Microcirculation Research Group, Faculty of Medicine, Dentistry and Health, University of Sheffield, Beech Hill Road, Sheffield S10 2RX, UK.
Br J Anaesth. 2012 Jun;108(6):929-35. doi: 10.1093/bja/aes069. Epub 2012 Apr 16.
Propofol acts as an L-type calcium channel (LTCC) antagonist to decrease peripheral resistance and initiate hypotension. This study investigated LTCC sensitivity/expression in hypertension and the role of LTCCs in exaggerated hypotension to propofol in this situation.
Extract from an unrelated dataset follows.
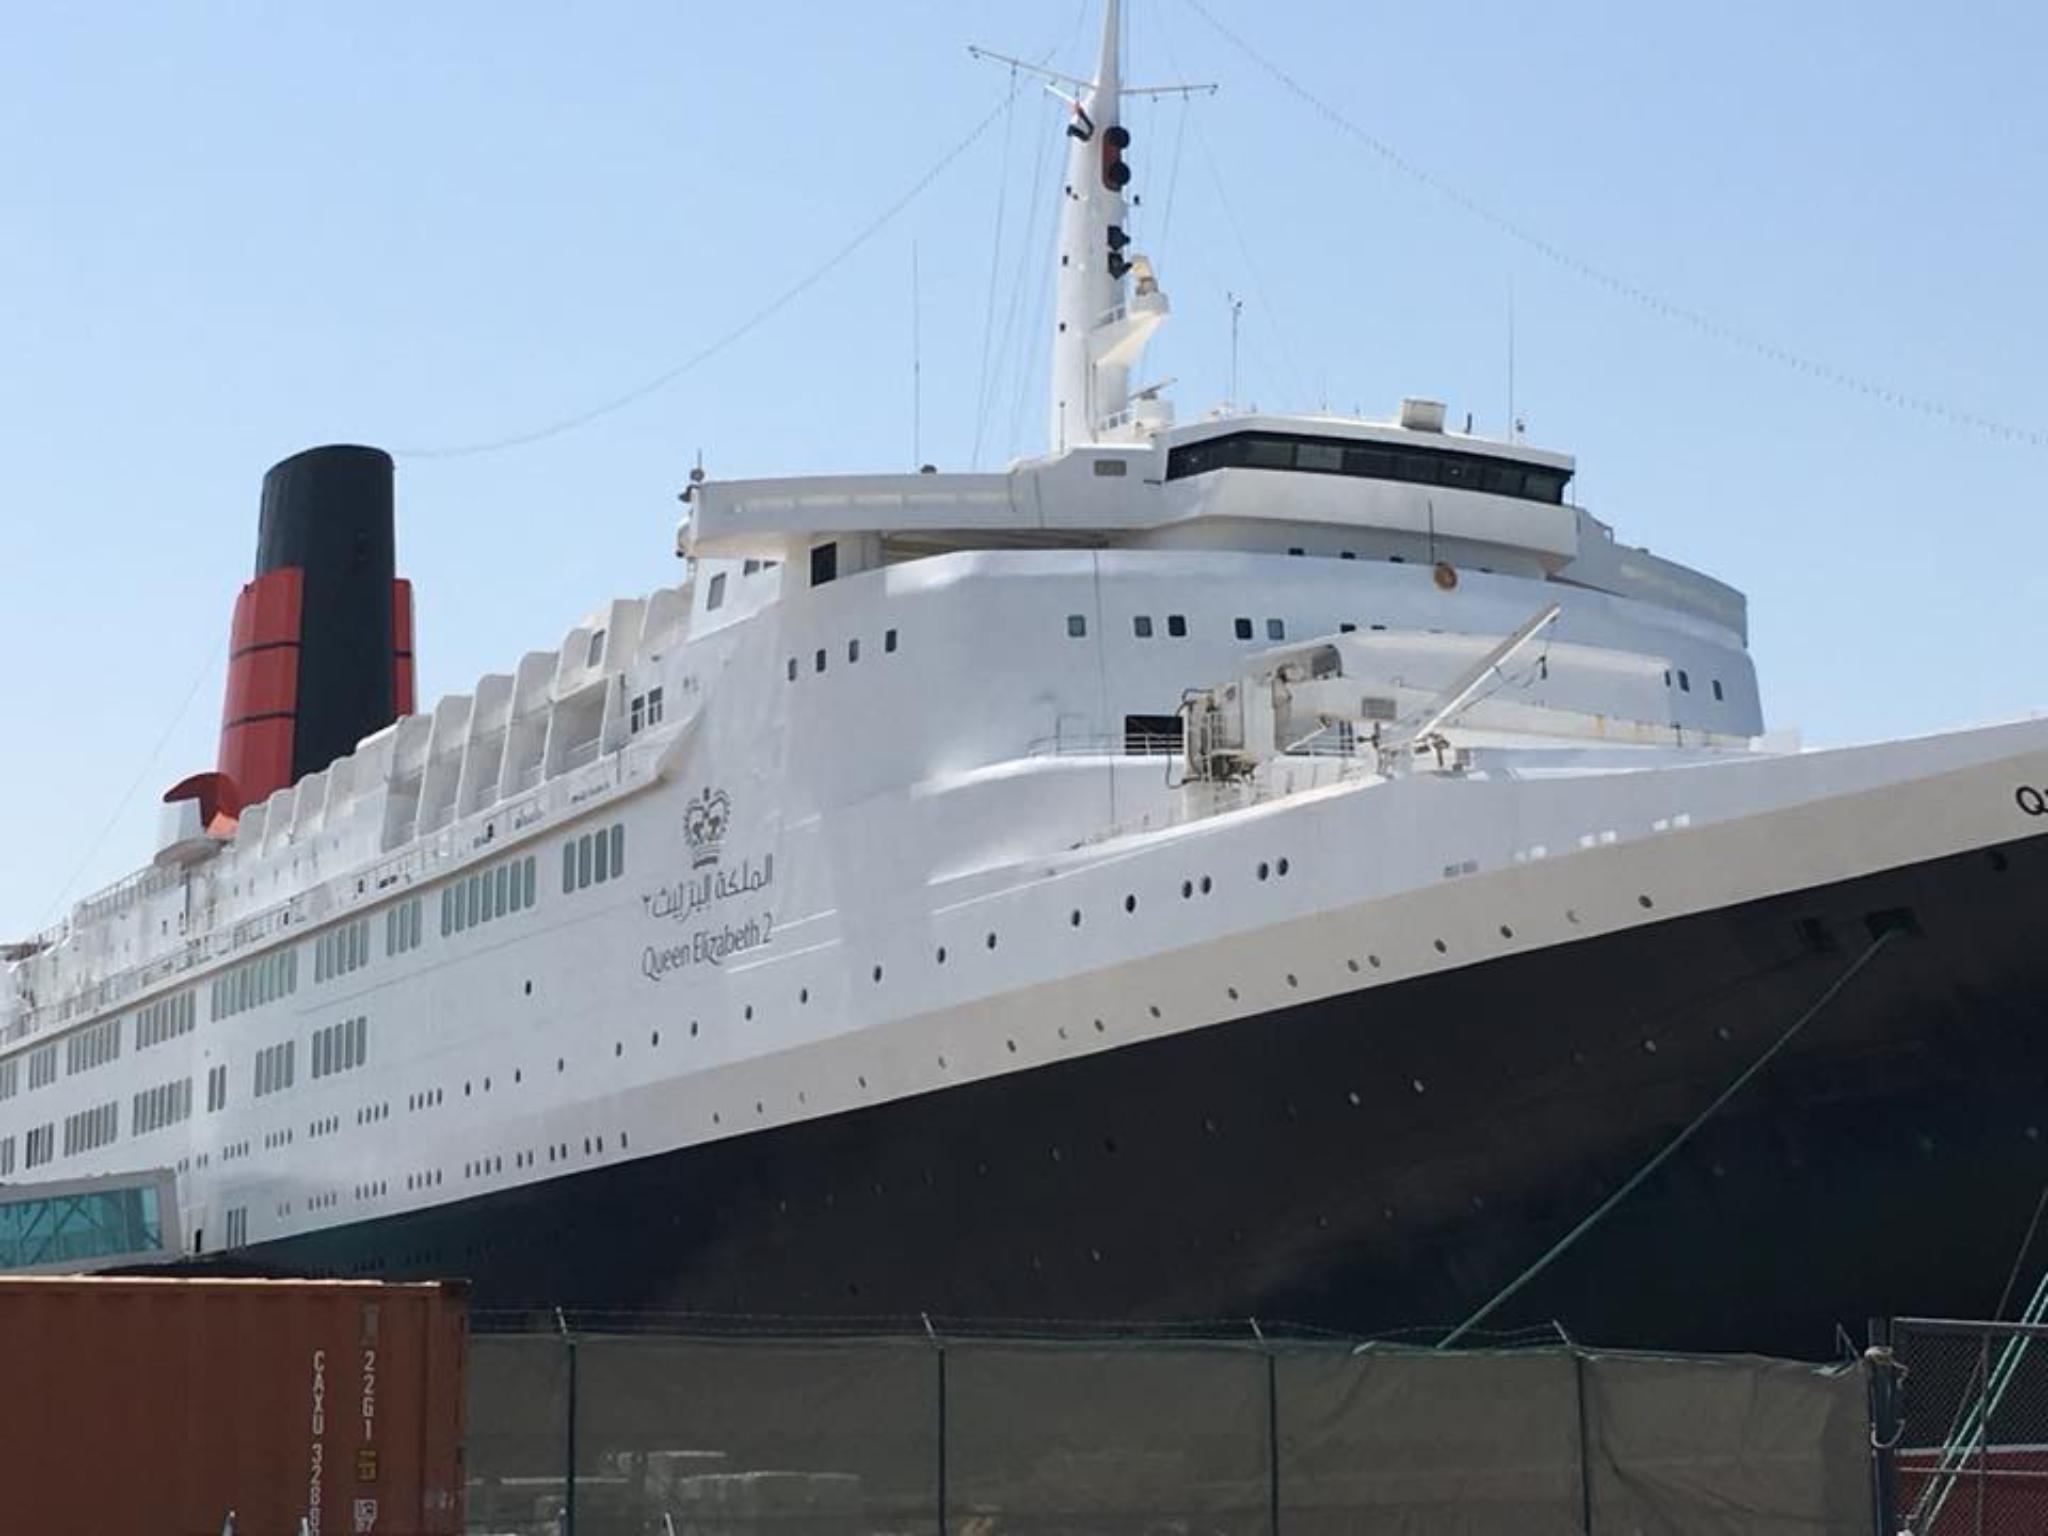 Pin By Oceanic House On Cunard Qe2 Cunard Ships Cunard Cruise

Age-matched 12- to 15-week-old normotensive rats [male Wistar Kyoto (WKY)] and spontaneously hypertensive rats (SHR) were used. Propofol (10 mg kg(-1), 10-50 mg kg(-1) h(-1) i.v.) was administered and the mesenteric microcirculation (<70 µm) observed with fluorescent in vivo microscopy using fluorescein isothiocyanate-conjugated bovine serum albumin (100 mg kg(-1) i.v.). Western blotting was used to measure tissue expression of the α(1C) LTCC subtype. Pressure myography was used to assess isolated mesenteric arterioles (<350 µm) in response to BAYK8644 (0.1 nM-1 µM), a specific LTCC channel agonist.
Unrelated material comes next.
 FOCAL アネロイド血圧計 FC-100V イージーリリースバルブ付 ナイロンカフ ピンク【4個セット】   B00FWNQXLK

Propofol dilated isolated arterioles {336.6 µM [mean (sd) change 16.2 (5.8)%]}. However, constriction to BAYK8644 was reduced at this concentration of propofol [EC(50)=8.3 (0.1) log mol(-1)] compared with controls [7.4 (0.1) log mol(-1), P<0.05], suggesting that propofol inhibited LTCCs. The sensitivity of LTCCs increased during hypertension, as in vivo there was a greater increase in mean arterial pressure (MAP) to BAYK8644 [10 µg kg(-1), WKY: 59.5 (9.3)%; SHR: 97.7 (6.3)%, P<0.05] with exaggerated constriction of arterioles [10 µg kg(-1), WKY: 9.1 (2.5)%; SHR: 19.1 (2.6)%, P<0.05]. Propofol also decreased MAP in SHR over time (P<0.05), but remained unchanged in WKY. Using western blotting, expression of α(1C) was greater in SHR compared with WKY (P<0.05).
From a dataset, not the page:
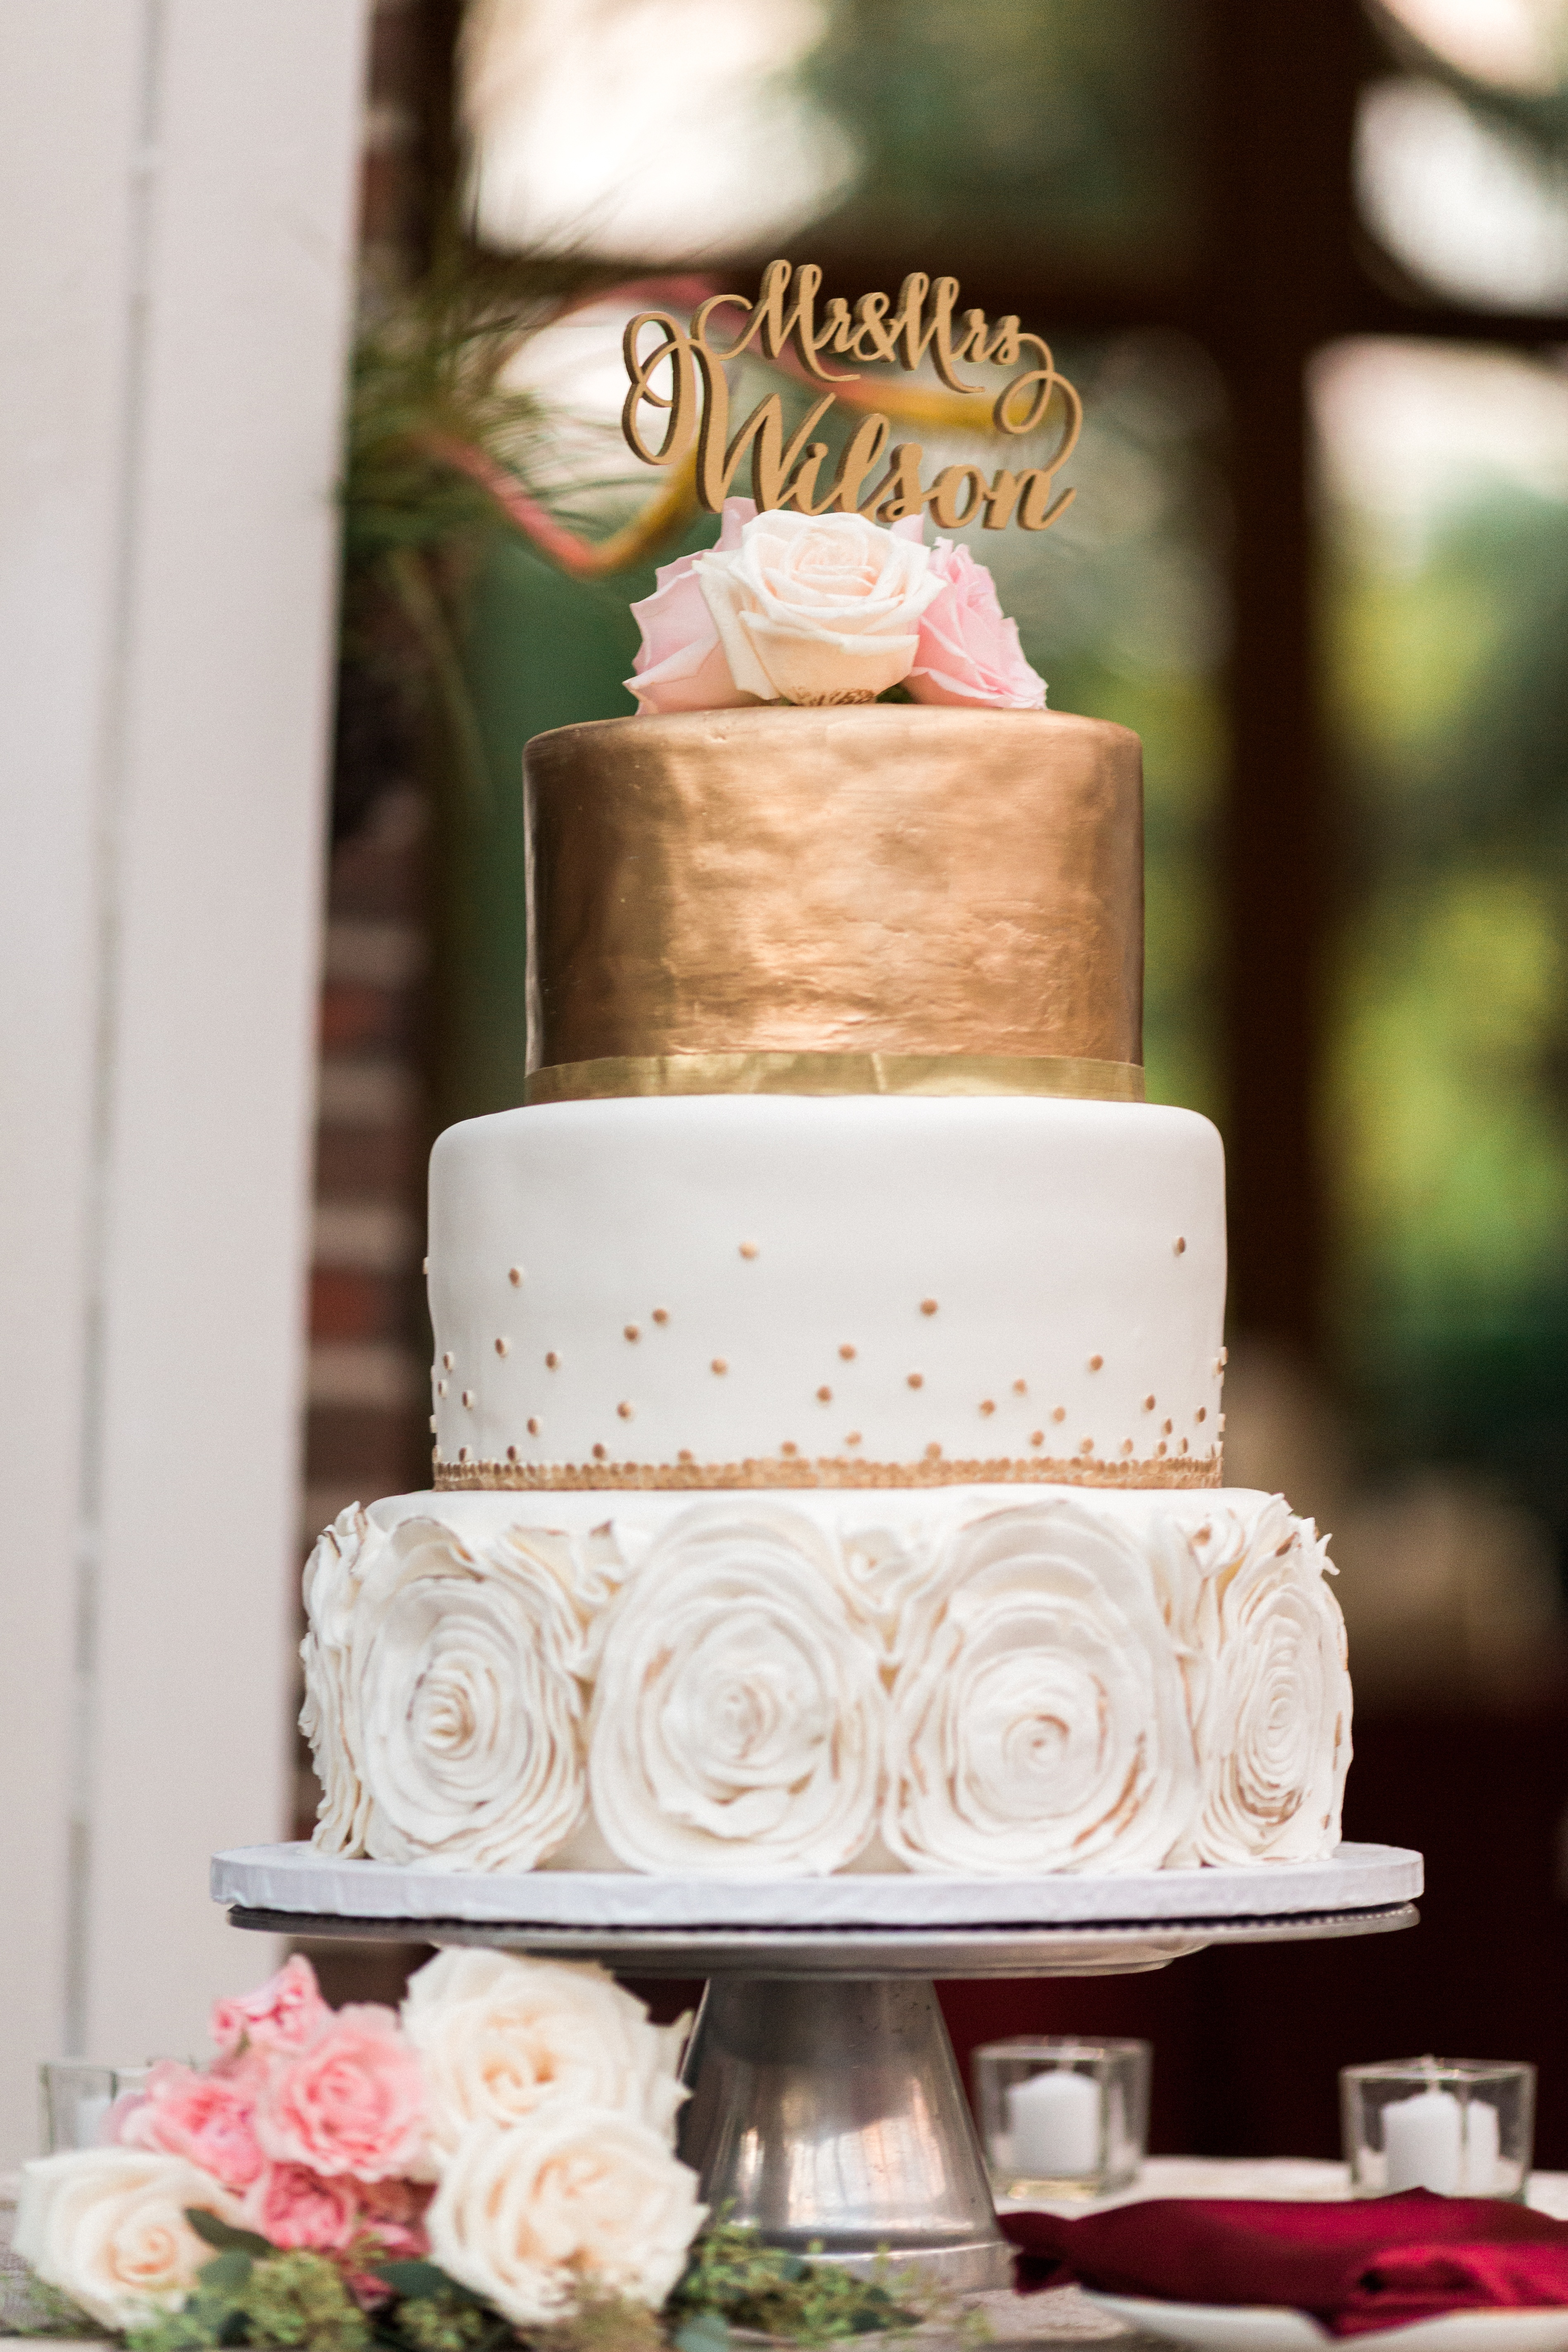 tower hill botanic garden wedding cake

Propofol acts via LTCC channels, with increased channel expression and sensitivity in genetically hypertensive rats. We suggest that increased sensitivity and expression of LTCCs may be a mechanism for exaggerated hypertension during propofol anaesthesia.
丙泊酚作为 L 型钙通道 (LTCC) 拮抗剂,可降低外周阻力并引发低血压。本研究旨在探讨 LTCC 在高血压中的敏感性/表达情况,以及 LTCC 在这种情况下丙泊酚引起的低血压过度反应中的作用。
使用年龄匹配的 12-15 周龄正常血压大鼠[雄性 Wistar Kyoto (WKY)]和自发性高血压大鼠 (SHR)。给予丙泊酚 (10 mg/kg,10-50 mg/kg/h 静脉输注),并用荧光体内显微镜观察肠系膜微循环(<70 µm),荧光素异硫氰酸酯结合牛血清白蛋白 (100 mg/kg 静脉注射)。使用 Western blotting 测量组织中 α(1C) LTCC 亚型的表达。使用压力肌描术测量对 BAYK8644(0.1 nM-1 µM)的离体肠系膜小动脉(<350 µm)反应,BAYK8644 是一种特定的 LTCC 通道激动剂。
丙泊酚扩张了离体小动脉[336.6 µM[平均(标准差)变化 16.2(5.8)%)]]。然而,与对照组相比,在丙泊酚此浓度下,BAYK8644 引起的收缩作用减弱[EC(50)=8.3(0.1) log mol(-1)],提示丙泊酚抑制了 LTCC。高血压期间 LTCC 的敏感性增加,因为体内 BAYK8644 引起的平均动脉压 (MAP)升高更大[10 µg/kg,WKY:59.5(9.3)%;SHR:97.7(6.3)%, P<0.05],小动脉收缩幅度更大[10 µg/kg,WKY:9.1(2.5)%;SHR:19.1(2.6)%, P<0.05]。丙泊酚随时间也降低了 SHR 的 MAP(P<0.05),但在 WKY 中无变化。使用 Western blotting,与 WKY 相比,SHR 中的 α(1C)表达更高(P<0.05)。
丙泊酚通过 LTCC 通道起作用,在遗传性高血压大鼠中,通道表达和敏感性增加。我们认为,LTCC 的敏感性和表达增加可能是丙泊酚麻醉期间高血压过度的机制之一。